It would be up to the regulated water supplier to be responsible for providing safe drinking water testing, and towns would have 45 days to come up with a corrective plan before a fine was issued.
The bill’s sponsor, Sen. Pamela Althoff (R-Crystal Lake) said she thought it would be a “wise situation” if a municipality could be aware of a potential problem and could notify the EPA so the agency could let residents know a plan is in place.
“The EPA has answers and can assure that the municipality is aware and they’re working together,” said Althoff. “Most residents assume that collaboration is in place. We’re putting in something that says it must be.”

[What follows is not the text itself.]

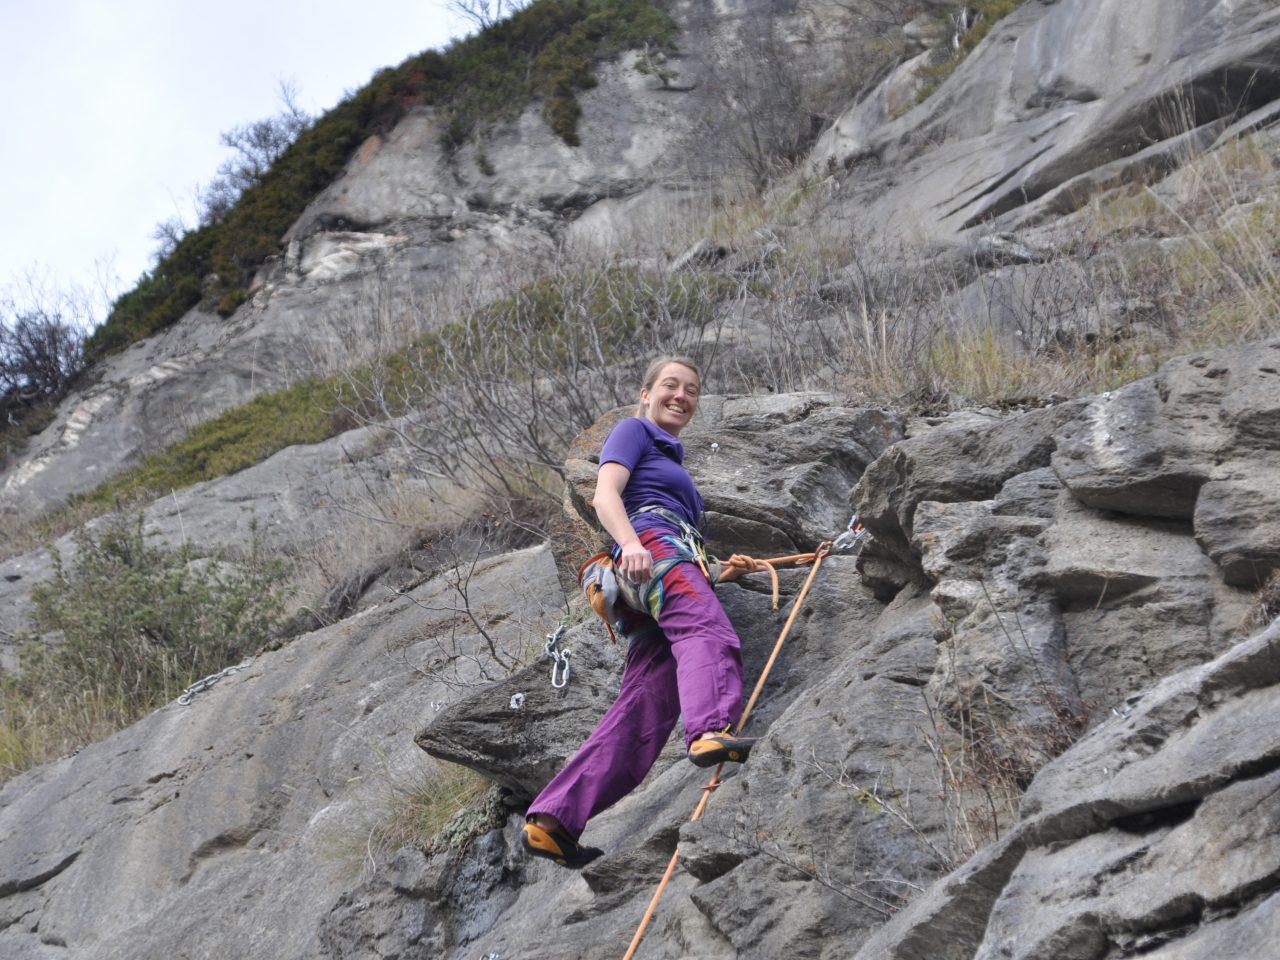 Monatsfrau Claudia Knoll Klettern

Currently, Illinois law states that notification is not needed until the maximum contaminant level is exceeded, said Althoff.
“It’s beneficial to the community,” she said of the bill. “On record there has to be some sort of plan to remove those carcinogens.”
The impetus for SB3070, Althoff said, was the situation in Crestwood, Ill., where during a routine EPA inspection it was discovered that officials had been diluting Lake Michigan water with well-water contaminated with vinyl chloride, a known human carcinogen unsafe at any level.
There is one other municipality in the state, Sauk Village, that currently has a vinyl chloride issue; the EPA is working with the attorney general’s office to devise an action plan. Cross said once a water supplier is in violation, they not only violate EPA standards but also the Federal Clean Water Act, which the EPA enforces. The violator then is sent a violation notice and has to come up with corrective action to reduce carcinogens.
“Everybody is required to meet these limits,” Cross said. “Rather than wait for a violation or worse, let’s address it preemptively. You want to get to it before you have the bigger problem of human health and safety, plus a bigger expense as it gets worse.”
Althoff said she anticipates SB3070 will go to a full Senate vote by the end of March. She said she’s working on the bill’s language with the Illinois Municipal League, who had concerns that if municipalities spent time and money on a plan, the EPA might make them change it.
“It’s still a work in progress,” said Althoff. “But everyone knows the global intent.”
Joe Schatteman, research information service coordinator with the Illinois Municipal League, which reports to municipalities throughout the state on all issues, said his group’s concern was that the EPA could rewrite an entire plan and the municipality would have to comply with it, no matter what the cost.
“That cost would trickle down to taxpayers,” said Schatteman, adding that he is working with Althoff and the EPA on a compromise.